I feel the same way. Dont know if the additives help but I almost cant afford not to use them as I want boat ready when I am. I did find a station with non ethanal fuel (who knows for sure) that is not to far from home but still use additives.


----------



## shootfirst (Aug 8, 2011)

If you go to non-ethanol gas, make sure you run out all of the ethanol fuel. I'm pretty sure the ethanol reacts with the stabilizers in the regular gas and makes something nasty.


----------



## T140 (Nov 20, 2007)

I don't think anything works against the ethanol problems, I has stabil for ethanol in my boat and have to clean/replace the gas lines, filters, water seperator ect


----------



## Starlifter (Feb 24, 2011)

I use the stuff made by V-tec for ethanol; green bottle, in our boat.


----------



## sealark (Sep 27, 2007)

As discussed at length before, Nothing works and ethanol doesn't make water. Keep the tank full and sealed from air circulation so moisture can't get into the tank to cause condensation. And use it regularly.


----------



## oldflathead (Oct 3, 2007)

*100% gas*

Why not avoid the problems of ethanol?
I use 100% gas from the Parade station at New Warrington Rd. & Jackson.
He has a big sign, "Marine Fuel".
It costs a bit more, but IMHO is worth it. Last year we drove our 1999 Chevy van towing our 22' travel trailer to California. I kept close track, 2 tanks of pure gas and 2 tanks of ethanol mix. I got 16% better mileage with pure gas.
I use 100% gas in my 99 Chevy, 88 Cadero, Evinrude 90, Johnson 50, Toro Wheelhorse, pressure washer, air compressor and 2 water pumps. No problems.

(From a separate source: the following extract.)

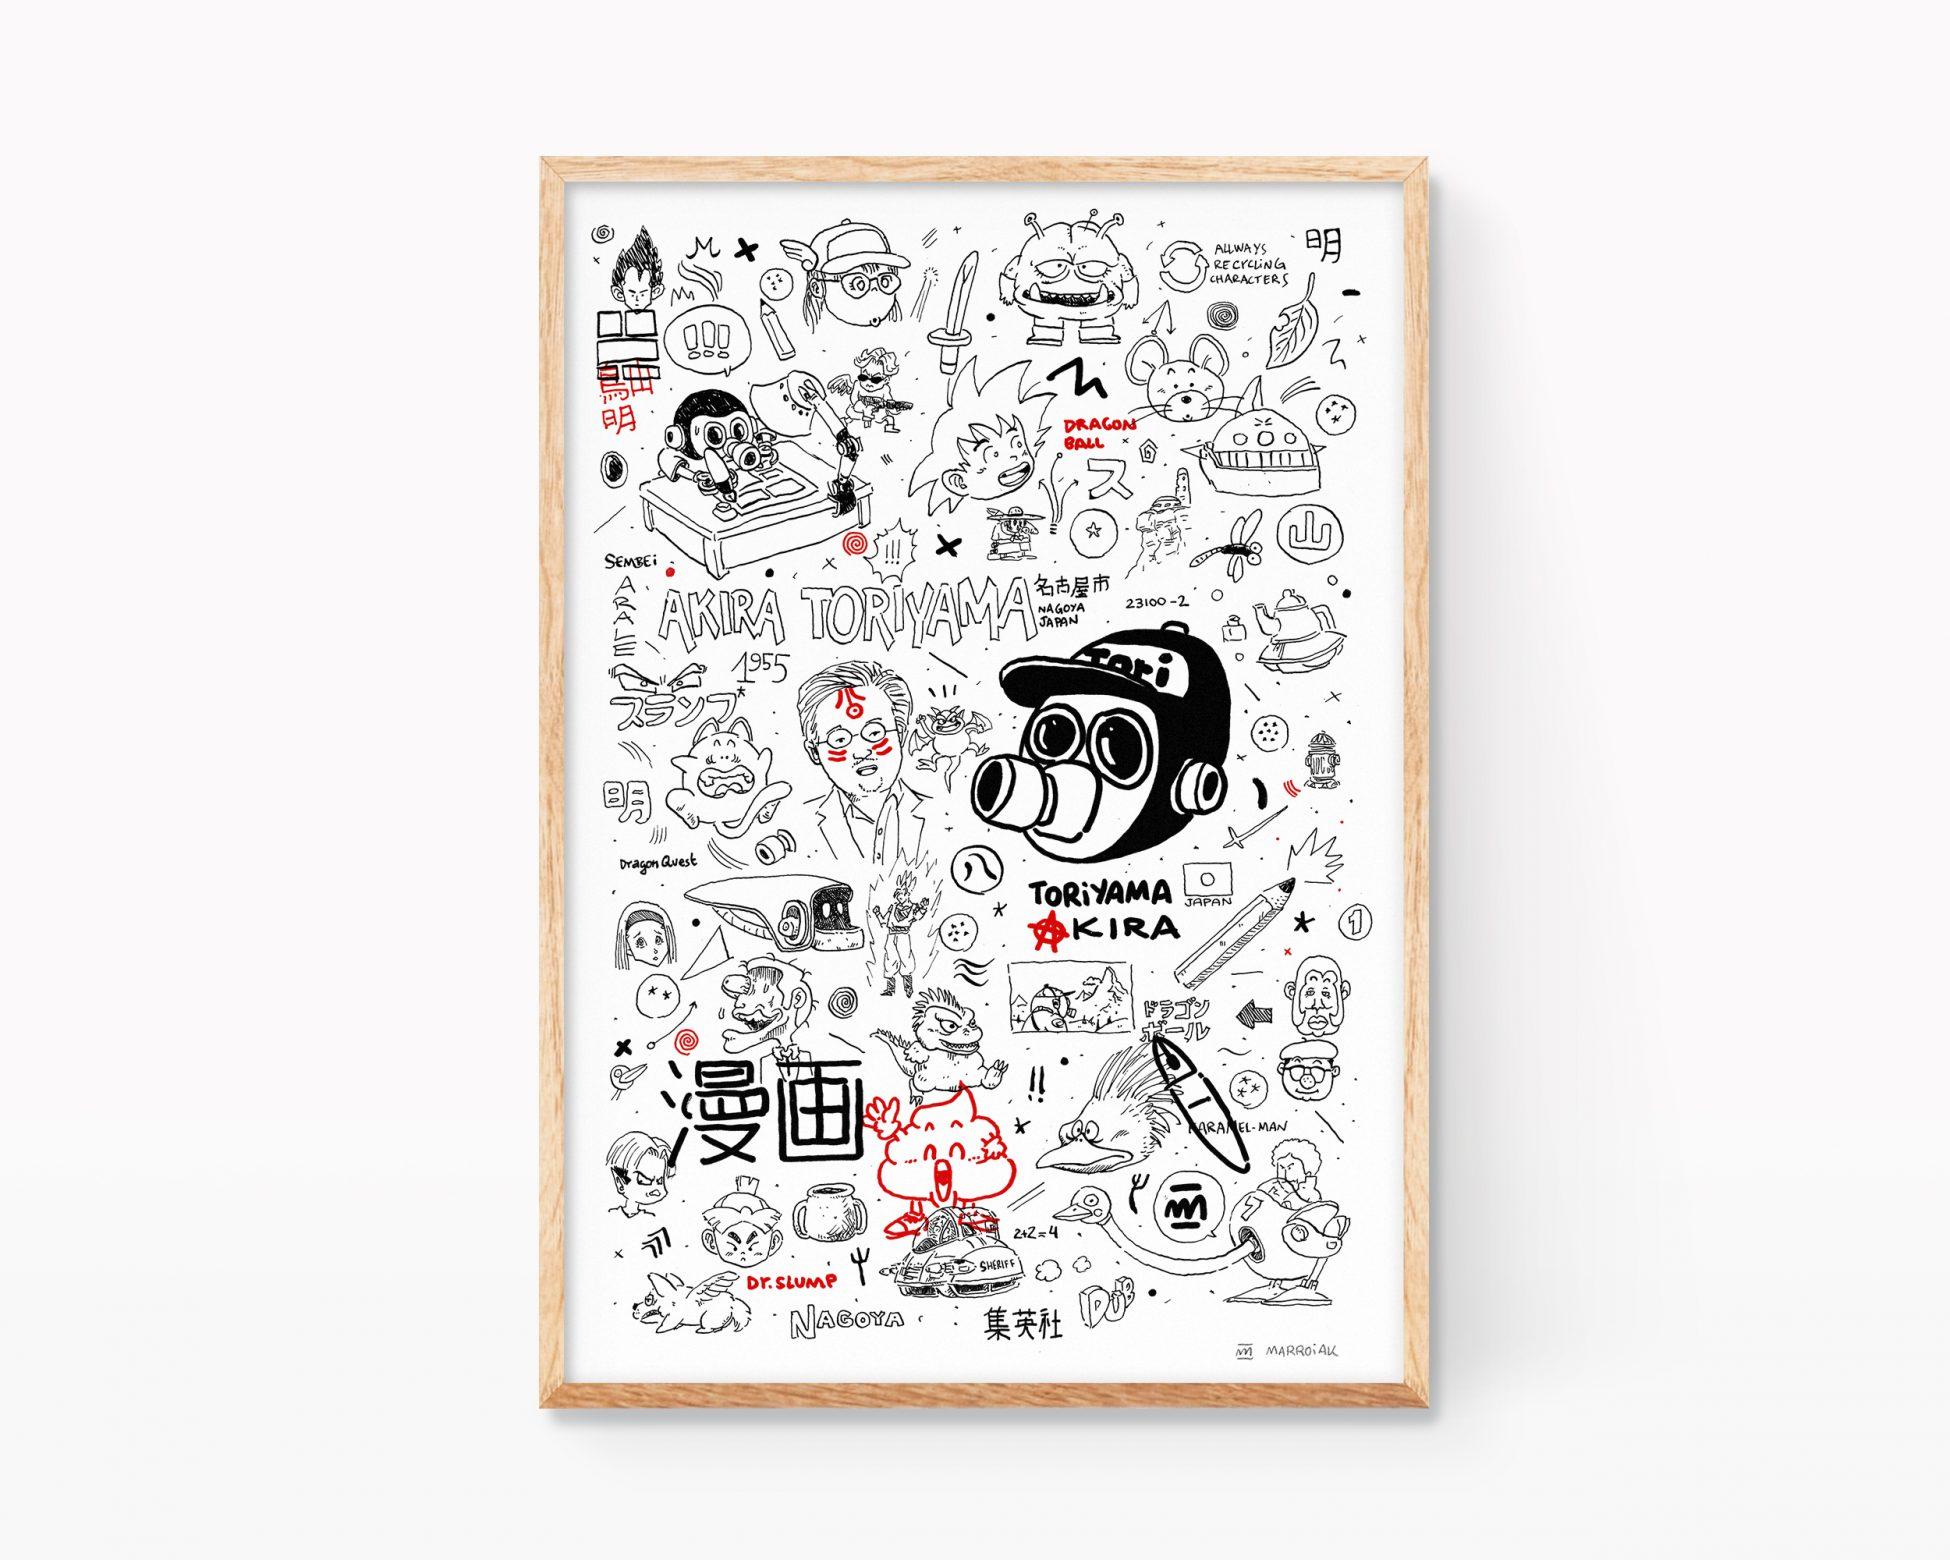 Poster decorativo con un retrato del dibujante de manga akira toriyama. Ilustraciones de son goku, dragon ball, bola de drac, dr slump, arale... Arte urbano, stencill

Ethanol is a waste of our money and only benefits the corn lobby. Kenny Mann, Emerald Coast Marine says a majority of their repair work is due to ethanol.

Tom


----------



## mekell (Sep 27, 2007)

*Ethanol*

Never had a problem with Ethanol gas. Just lucky I guess.


----------



## CatHunter (Dec 31, 2008)

shootfirst said:


> If you go to non-ethanol gas, make sure you run out all of the ethanol fuel. I'm pretty sure the ethanol reacts with the stabilizers in the regular gas and makes something nasty.


Could explain the hick-ups in my outboard when I added NE with regular fuel


----------



## CatCrusher (Jan 18, 2009)

sealark said:


> As discussed at length before, Nothing works and ethanol doesn't make water. Keep the tank full and sealed from air circulation so moisture can't get into the tank to cause condensation. And use it regularly.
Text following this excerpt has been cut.